Whether or not he can make a will?
1. Testamentary capacity (i.e. wits): it is fine if he drifts in and out of consciousness or if he is of poor mental health. The test is: (i) does he understand the nature of making a will and the fact that he is making a will? (ii) Does he comprehend roughly what his estate is? (e.g. can he remember how many houses he owns, whether he has any bank accounts, whether he has a large estate or a small one) and (iii) has he turned his mind to all the people who could reasonably lay claim to his estate? (e.g. family members, friends that he has maintained, children, de facto partner).

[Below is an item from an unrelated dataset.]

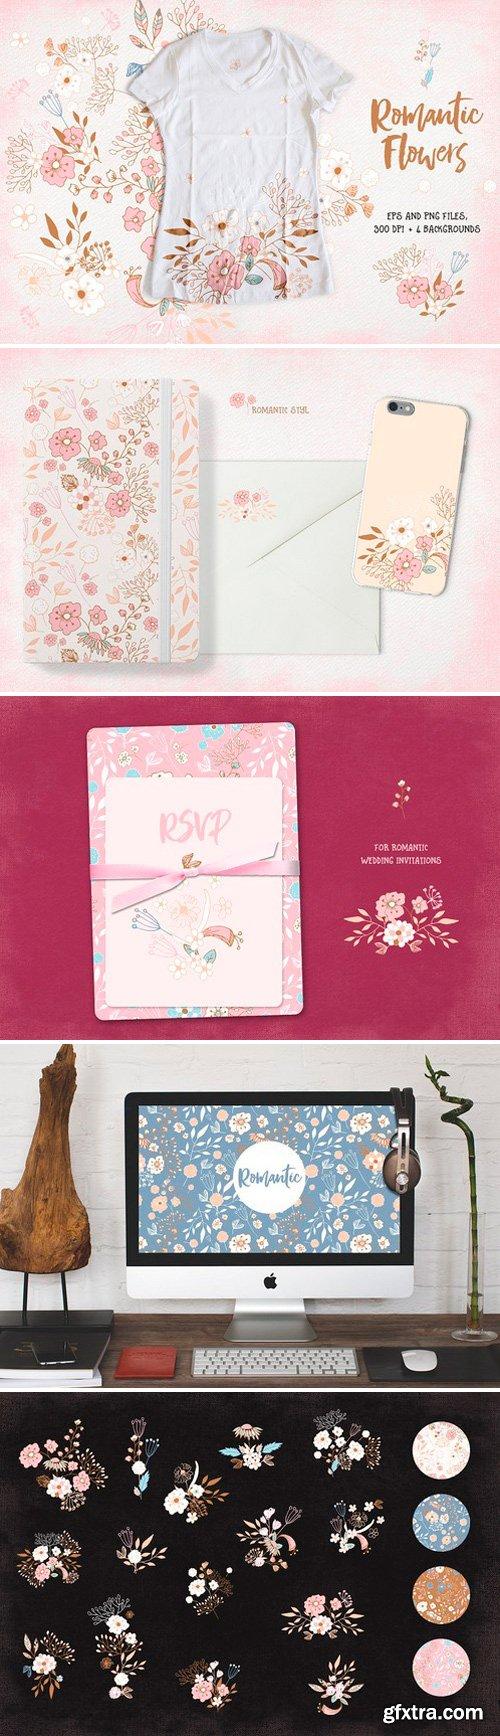 CM - Romantic Flowers 729633
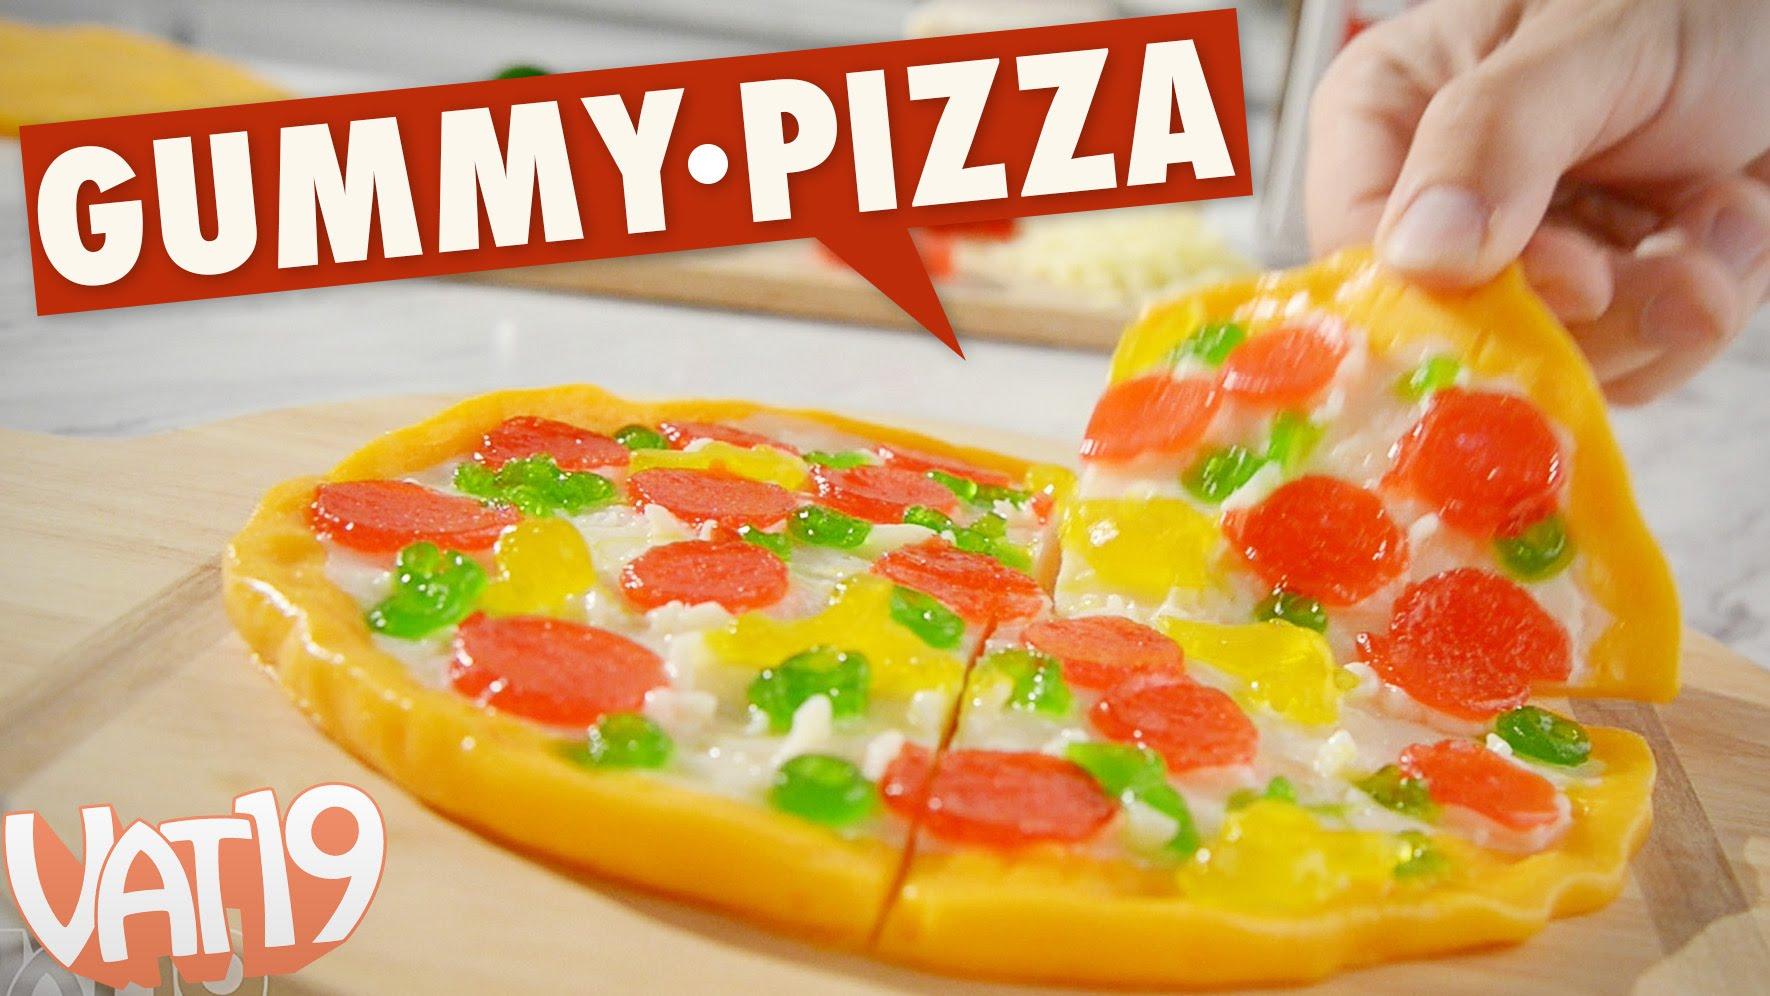 「童年回憶放大版!巨無霸比薩軟糖」- It's Delivery and It's Gummy!

2. Get a medical certificate: where the will-maker is elderly, it is advised to get a doctor to certify as to his mental capacity to make a will.
How to make a will?
1. Hire a solicitor. Especially in this instance where he is elderly and he most likely has residency issues and possibly property overseas.
2. Have the lawyer go to your father in law and, in a private meeting, write down the instructions he gives the lawyer. You should not be giving instructions on his behalf, especially if you are a beneficiary. However, if you don't believe the will is likely to be contested, then you can be present and assist your father in law in giving the instructions.
3. The will needs to be witnessed by at least two witnesses. They should not be beneficiaries under the will.
If your father in law does not make a will, it is not fatal. Intestacy rules are quite fair and generally state that his estate goes to his spouse (or de facto partner which is counted as a "spouse" here) and children.